Data extract Block Start
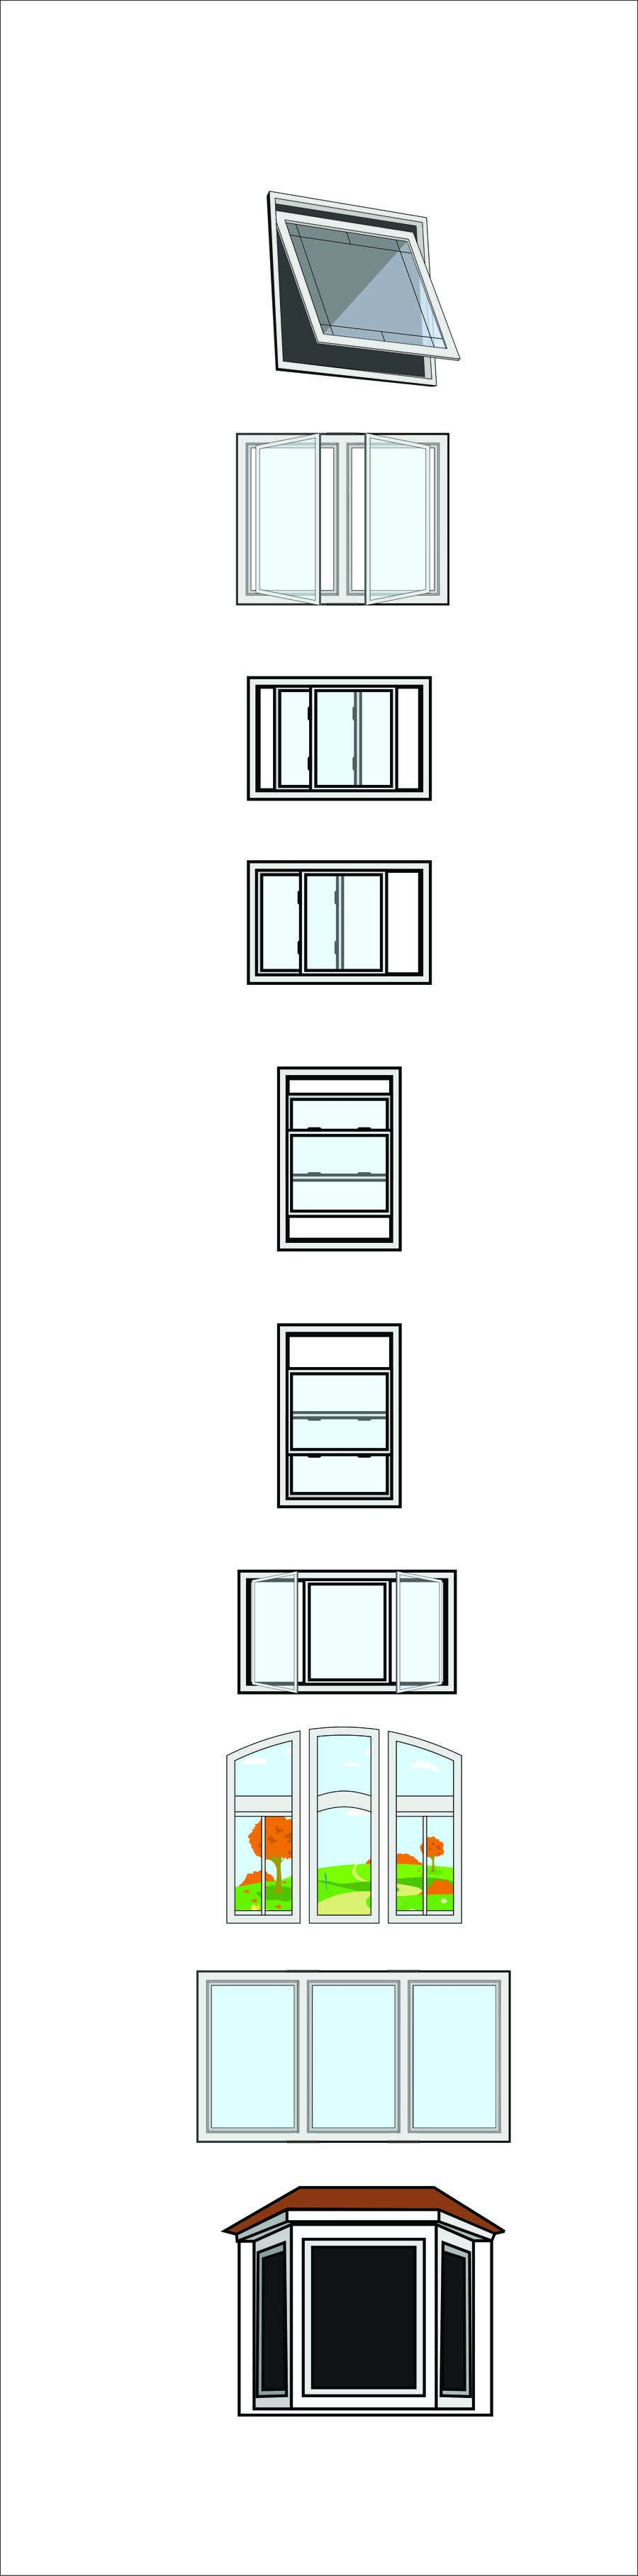 Příspěvek č. 1 do soutěže Design Windows/Doors/Patios Images/Vector Clip Art
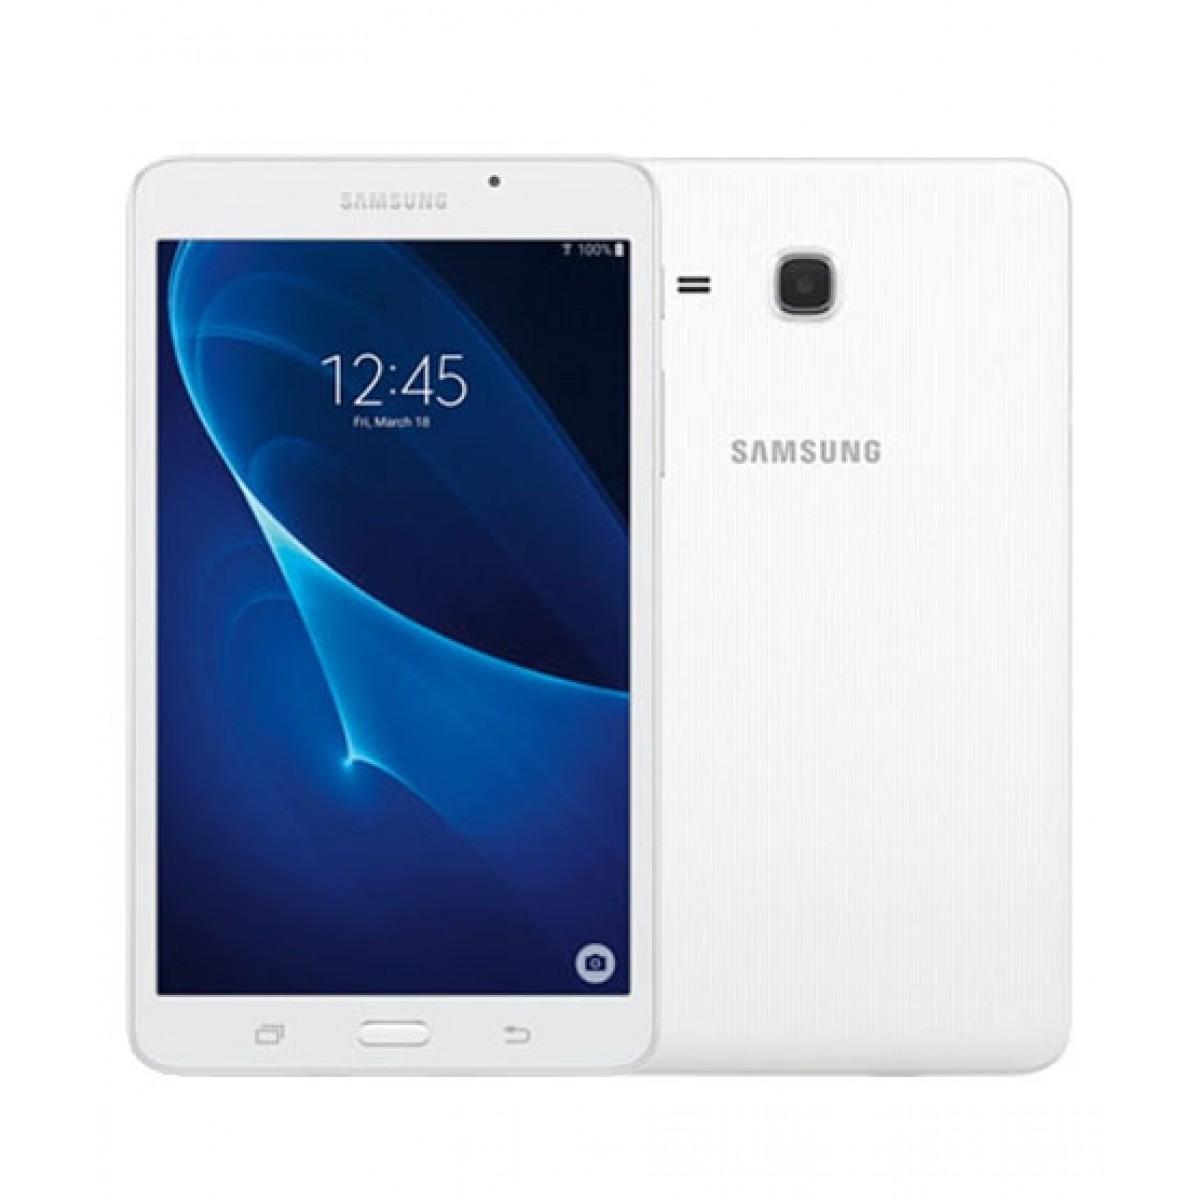 Samsung galaxy tab a series 7.0
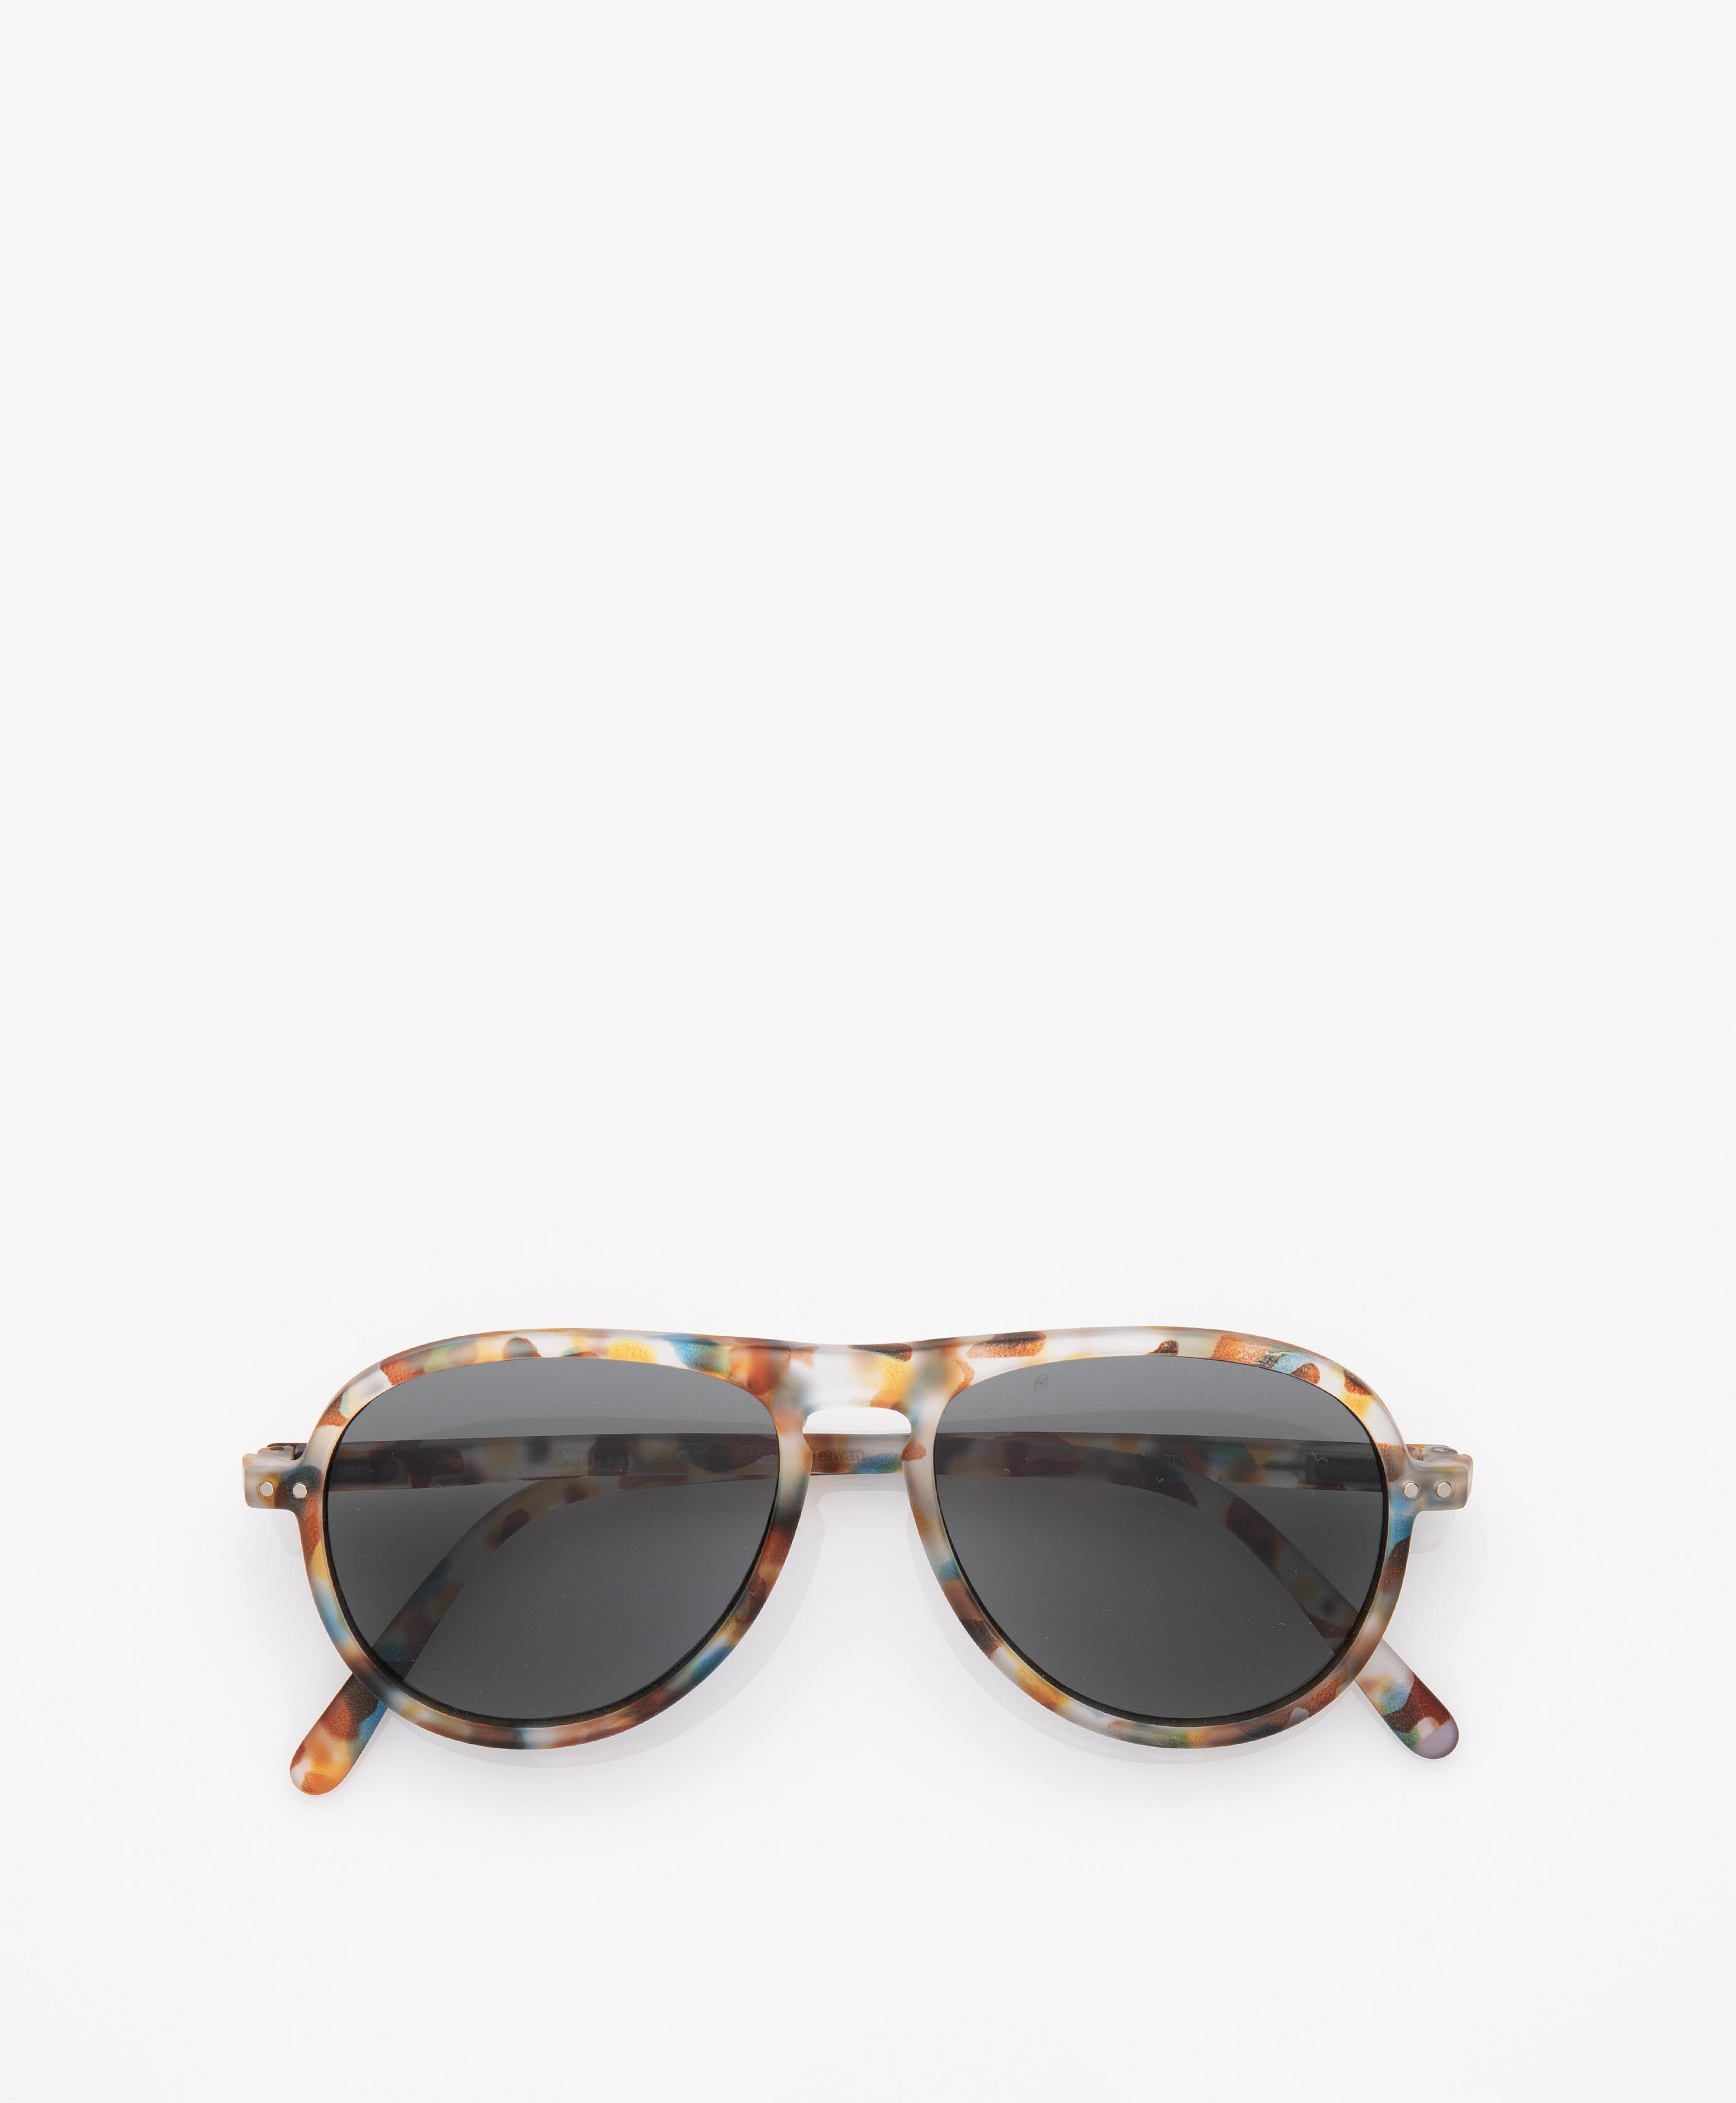 62ea4bcfc29 IZIPIZI SUN  I Sunglasses - Blue Tortoise Grey Glasses - IZIPIZI
Data extract Block End
Copy the listing above in full and exactly, but omit each picture that it holds.

 Příspěvek č. 1 do soutěže Design Windows/Doors/Patios Images/Vector Clip Art
 Samsung galaxy tab a series 7.0
 62ea4bcfc29 IZIPIZI SUN  I Sunglasses - Blue Tortoise Grey Glasses - IZIPIZI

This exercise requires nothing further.